The Deep Flexors - A Motion Specific Release Approach

Updated: Apr 1


Treating the Deep Flexors Image

The deep flexors of the lower leg — the posterior tibial tendon (PTT), flexor digitorum longus (FDL), and flexor hallucis longus (FHL) — are essential yet often underrated in discussions of leg and foot function. They are key players in our balance, gait, and ability to engage in activities that require foot dexterity.


In this article, we'll uncover the roles of the deep flexors from an anatomical and biomechanical standpoint using the Motion Specific Release (MSR) perspective. We'll explore the PTT's role in maintaining the foot's arch, the FDL's function in curling the smaller toes, and the FHL's importance in the push-off phase of walking with a focus on the big toe.


Article Index:


 

Deep Flexors Anatomy & Biomechanics


The PTT, FDL, and FHL are the deep flexor muscles of the lower leg, crucial for the intricate movements of the foot and ankle. These muscles are not as visible as the gastrocnemius and soleus, but their function is vital for the foot's stability, support, and fine motor actions.

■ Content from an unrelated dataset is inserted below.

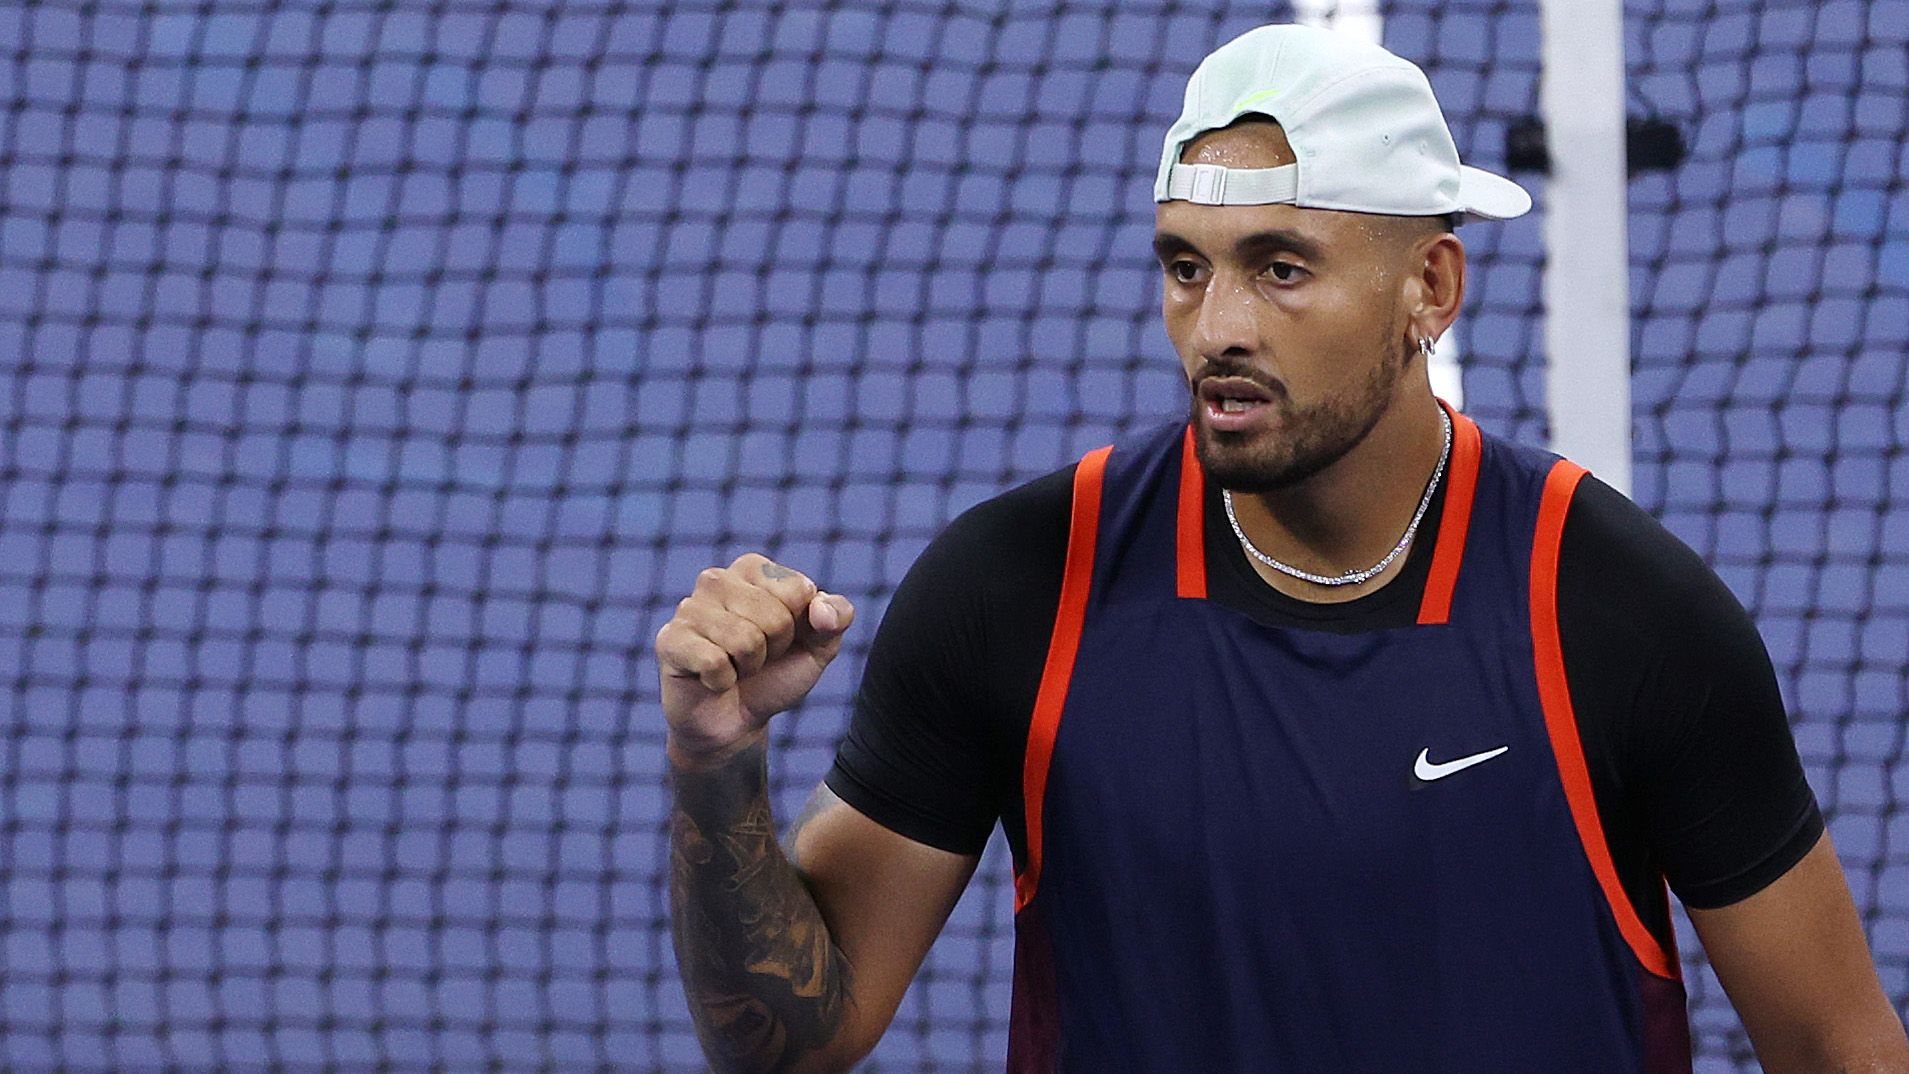 Nick Kyrgios cruises into fourth round after beating JJ Wolf, sets up mouthwatering clash
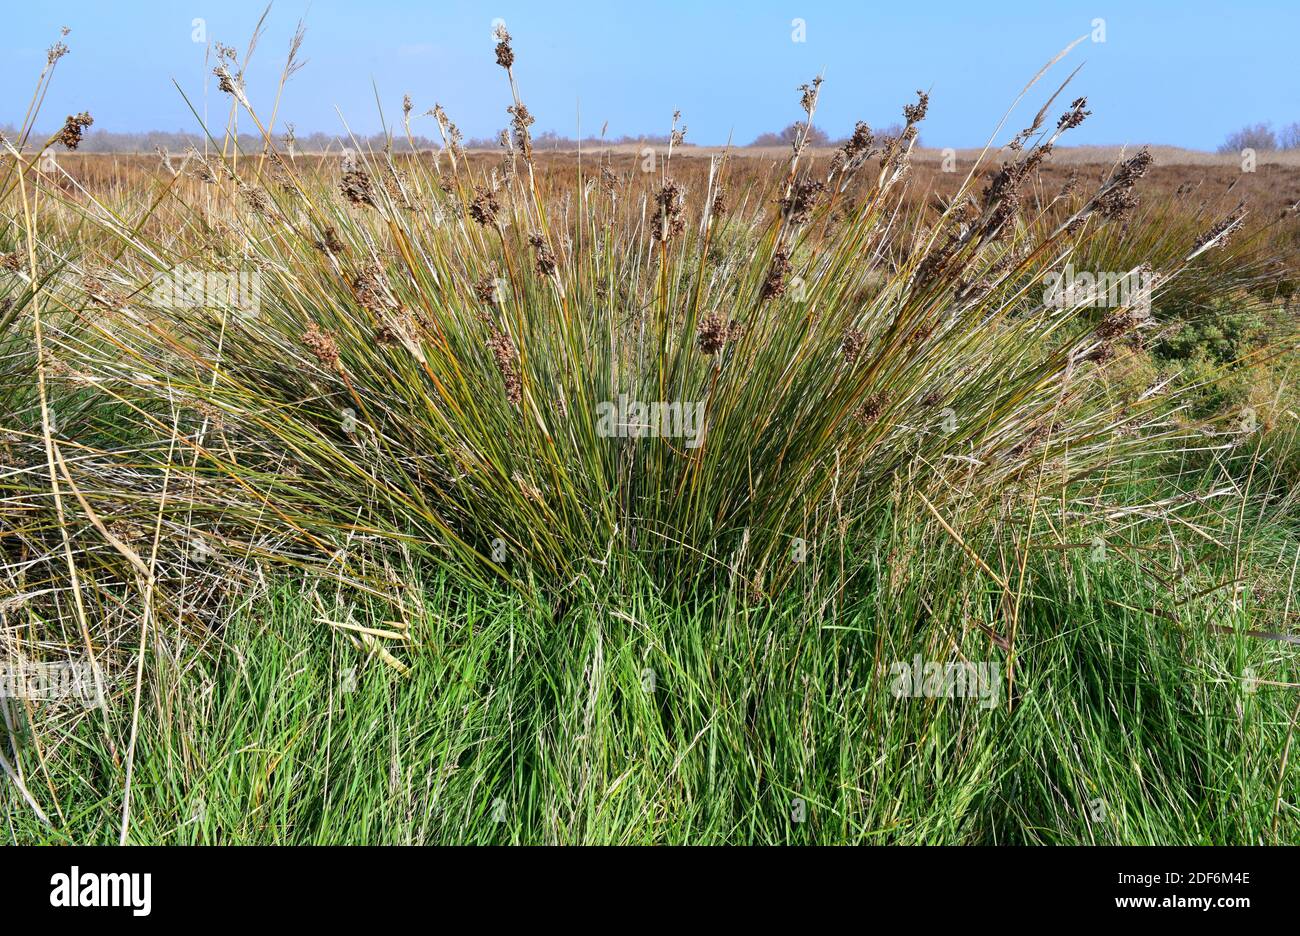 Spiny rush or sharp rush (Juncus acutus) is a perennial herb native to dunes, wetlands and salt marshes of Europe, north Africa, western Asia and Stock Photo

Posterior Tibial Tendon Image

Posterior Tibial Tendon (PTT)

The PTT is key for maintaining the arch of the foot and supporting its structure. It is a central force in controlling the inward movement of the foot (inversion) and the downward movement (plantarflexion).


Origin and Insertion:

  • It originates from the posterior tibia, interosseous membrane, and fibula, and inserts into the bones of the foot, primarily the navicular and secondarily the cuneiforms and cuboid bones.

Innervation:

  • The tibial nerve innervates the PTT, with nerve roots from L4 to S1.

Biomechanical Role:

  • The PTT provides stability during the contact phase of walking and is crucial for the push-off phase. It supports the foot's arch and plays a role in the absorption and redistribution of forces during gait.


 

Flexor Digitorum Longus Image

Flexor Digitorum Longus (FDL)

The FDL flexes the lateral four toes and assists with foot stabilization during the stance phase of gait.


Origin and Insertion:

  • It arises from the mid-posterior tibia and inserts into the distal phalanges of the four lesser toes.

Innervation:

  • Also innervated by the tibial nerve, with nerve roots from L5 to S2.

Biomechanical Role:

  • The FDL's primary function is toe flexion, but it also supports the arch and controls midfoot and forefoot movements during walking and running.


 



Flexor Hallucis Longus Image

Flexor Hallucis Longus (FHL)

The FHL is the powerhouse for flexing the big toe, an action that's crucial for powerful push-offs, such as when sprinting or jumping.


Origin and Insertion:

  • It originates on the lower posterior fibula and interosseous membrane, and inserts into the base of the distal phalanx of the big toe.

Innervation:

  • Innervated by the tibial nerve, the FHL has nerve roots from L5 to S2.

Biomechanical Role:

  • The FHL is vital for balance and propulsion, aiding in the final thrust during the toe-off phase of gait.


 

Motion Specific Release (MSR) Treatment


For the deep flexors of the calf, namely the PTT, FDL, and FHL, Motion Specific Release (MSR) procedures are tailored to address the unique biomechanical roles and anatomical structures of these muscles.


Initial Setup:

  • Patient Position: The patient starts in a prone position to relax the gastrocnemius and soleus muscles, then shifts to a kneeling position to access the deep flexors effectively.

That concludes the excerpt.